Luis López

Personal information
- Full name: Luis Miguel López Beltrán
- Date of birth: 11 January 1975 (age 51)
- Place of birth: Valencia, Spain
- Height: 1.83 m (6 ft 0 in)
- Position: Defender

Senior career*
- Years: Team / Apps / (Gls)
- 1994–1998: Valencia B / 126 / (12)
- 1997: Valencia / 1 / (0)
- 1998–2000: Levante / 62 / (3)
- 2000–2002: Jaén / 68 / (0)
- 2003: Logroñés / 5 / (0)
- 2003–2004: Gimnàstic / 16 / (0)
- 2005–2006: Almansa / 34 / (0)
- 2007: Ontinyent / 1 / (0)
- Total:  / 313 / (15)

= Luis López (footballer, born January 1975) =

Spanish footballer

Luis Miguel López Beltrán (born 11 January 1975) is a Spanish former professional footballer who played as a defender.

==Career==
López began his career with Valencia.
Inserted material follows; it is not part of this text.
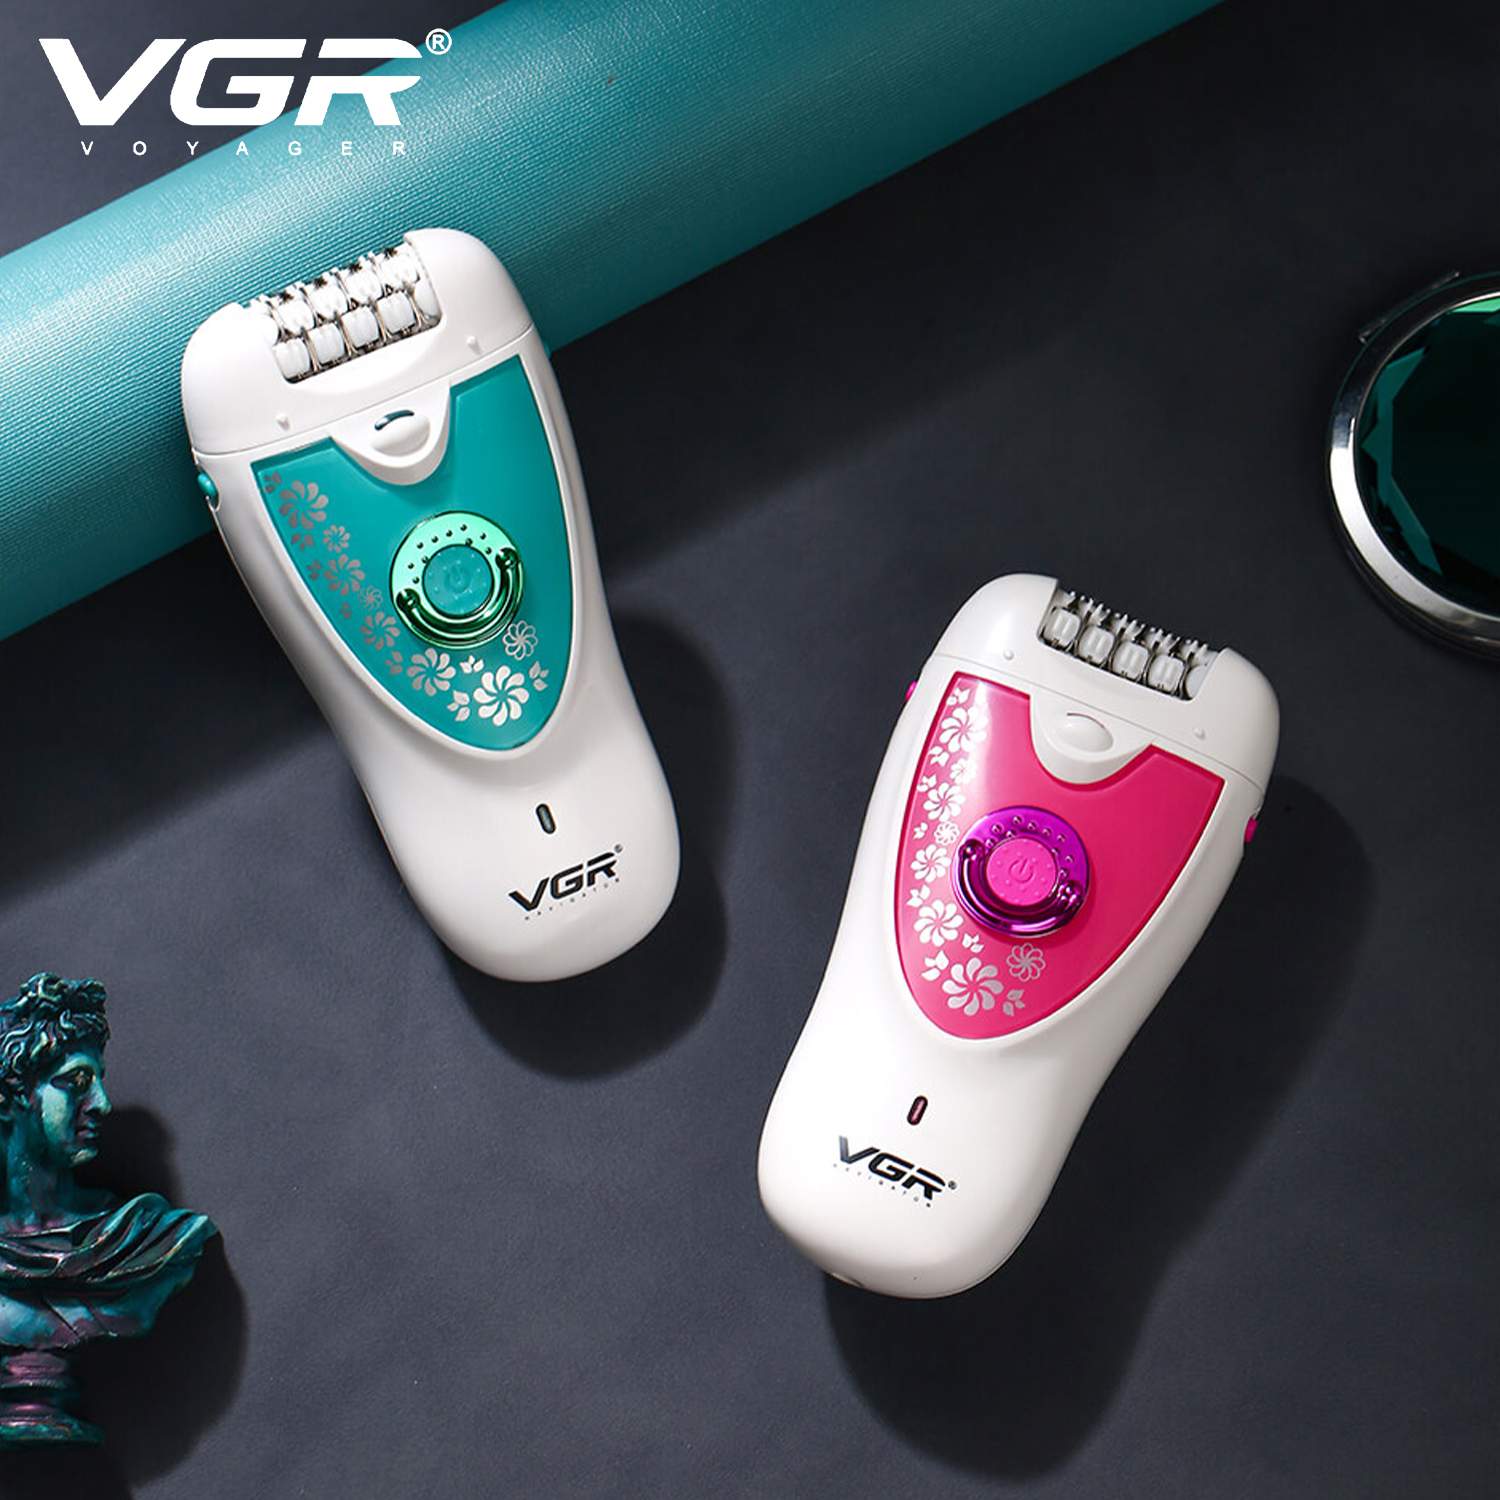 VGR, VGRindia, VGRofficial, VGR V-722

He started off with the club's reserve team in Segunda División B, making one hundred and thirty-eight appearances and scoring twelve goals in four years. On 21 June 1997, López made his professional debut for Valencia's first-team in La Liga, he was subbed on at half-time for Patxi Ferreira in a 3–2 defeat to Espanyol. In 1998, Segunda División B side Levante signed López. He netted two goals in forty-two matches in his opening season, which ended with promotion to the Segunda División. 2000 saw López join fellow second tier outfit Jaén, where he remained for two years and featured seventy-one times.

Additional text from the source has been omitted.